I’ve been thinking long and hard about this one, you can probably tell because it’s coming so long after the last post on diversity. It’s because in part I’ve been struggling to determine, what exactly is disability? Is it just anything out of the norm? They don’t have four limbs, that must be disability. They have downs syndrome, that must be a disability. They are a little person/dwarf (just trying to find the least offensive term here), that must be a disability. But are they disabilities?
I have come across a number of people that could fit into one of these categories and they don’t see themselves as disabled. They don’t consider themselves less able, they just have to figure out a different route. It’s us that make life harder for them, for own convenience. Do we have to put things on the top shelf at the super market? No. But we do because it saves floor space, never mind that not everyone can reach it. And I’m not even talking about little people, the number of shorter people that have asked me to help them reach something from a high shelf is a little bit crazy. Do we have to make everything easily usable/accessible to people with two legs and two arms? No. But we do because that’s convenient for us.
So I don’t really like to say that these people are disabled, because in a way it suggests they are less capable, less human. And I don’t think that’s true.
However, having said all that, my opinion doesn’t seem to affect how these people are treated within the entertainment industry. Have you ever seen an actor with down syndrome play anything other than a character written to have down syndrome? I know what you’re thinking, but no just because we can guess based on their appearance that they have down syndrome, it doesn’t mean that has to be their defining feature. Could we have a downs syndrome actor play a character and there be literally no mention of it?
There’s a French film called Angel-A, I watched a long time ago that has a lead actor (Jamel Debbouze) who has no use of his right arm. But I honestly didn’t notice until afterwards, a work colleague of mine mentioned it. The guy had his hand tucked into his pocket the whole time and I didn’t notice that either. He could have had no right arm at all and I wouldn’t have noticed. So does an immobile or missing appendage have to mean that’s what we focus on? No. But that is the only film I can think of where it isn’t the focus.
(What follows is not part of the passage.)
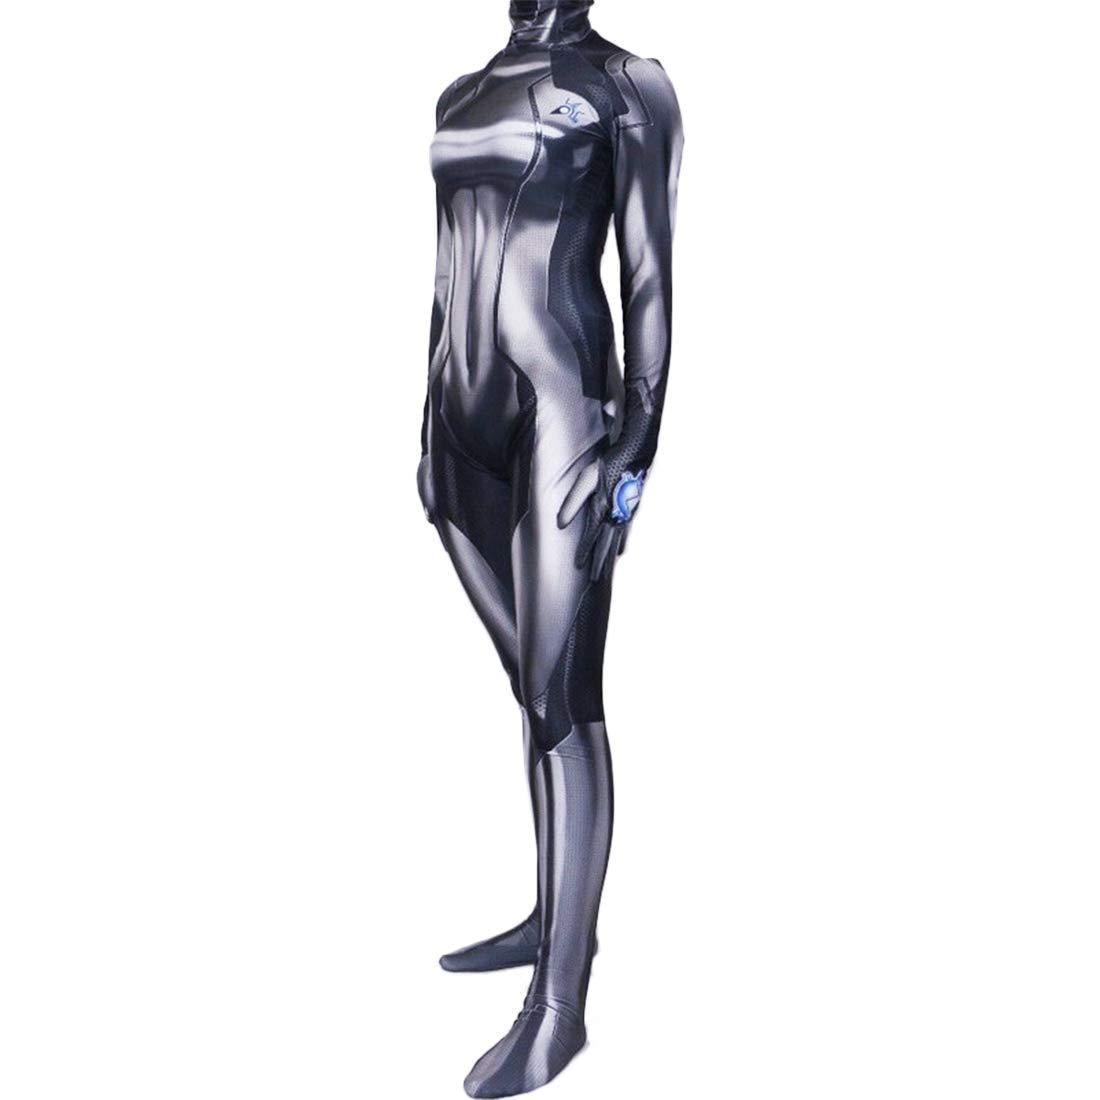 Cosplay Life Zero Suit Samus Black Metroid Cosplay Costume | Fabric  Bodysuit Zentaisuit | ZSS Halloween Costume (Black, M)

And what about people with dwarfism? For a long time the only time you’d see them in anything was when they were playing dwarves in Snow White or it’s variants, or it was Mini Me… To be fair to the entertainment industry, I have actually seen some improvement there (Not a great deal, but some). Warwick Davis is an actor I have to say I admire for his talent on screen and his sense of humour out of character. I have frequently seen him on British television, during which time no one bats an eye about the fact he is a little person (QI is an excellent place to see his humour in action). Peter Dinklage too has proven his immense talent in the industry. But everything I have seen him in makes a big song and dance about him being shorter than us tall freaks.
Blindness though is an odd one. On the one hand there’s a certain kind of equality, seeing people can play blind people and blind people can play seeing people. But you can only play someone who sees if your eyes look “normal”. So that leaves people with out of the ordinary eyes only being allowed to play characters with out of the ordinary eyes. You can imagine how many times those roles crop up, spoiler, it’s not many.
Unsurprisingly, once again we are left with the knowledge that the entertainment industry is less than diverse, and less than equal. This is my fourth and final rambling on diversity in the entertainment industry and each time we have come away feeling pretty let down. We imagine these films and shows to be representations of real life, a better life for us to escape to when ours isn’t going quite as well as we’d like, an interesting place for us to go when we want to be entertained. But in all honesty they are as visually faithful to real life as a Picasso painting. It’s all warped and distorted. You get the idea of what it is maybe meant to be but somehow it’s just not quite right and it’s not at all what we were expecting when we asked for a faithful portrait.
Hopefully the minor improvements I’ve noticed will snowball into something so much better, inclusive and equal. But as America is sort of the leader in entertainment I’m not so sure we can just wait and expect it to happen soon. America just voted in a guy who rejects everything that is different to him, everything that he doesn’t understand and
I really don’t have a good solution to this problem, except to demand change. I myself will be writing change, I will write in equality for gender, race, sexuality and disability where my capabilities allow me to.
Us creative types are supposedly the open minded individuals most prone to accepting change and that which is different from ourselves. So let’s prove it.
P.S. it has not been my intention to gloss over any disabilities. Merely to highlight what I have noticed, understand and can make solid points about. This post I hope represents my feelings on all forms of disability.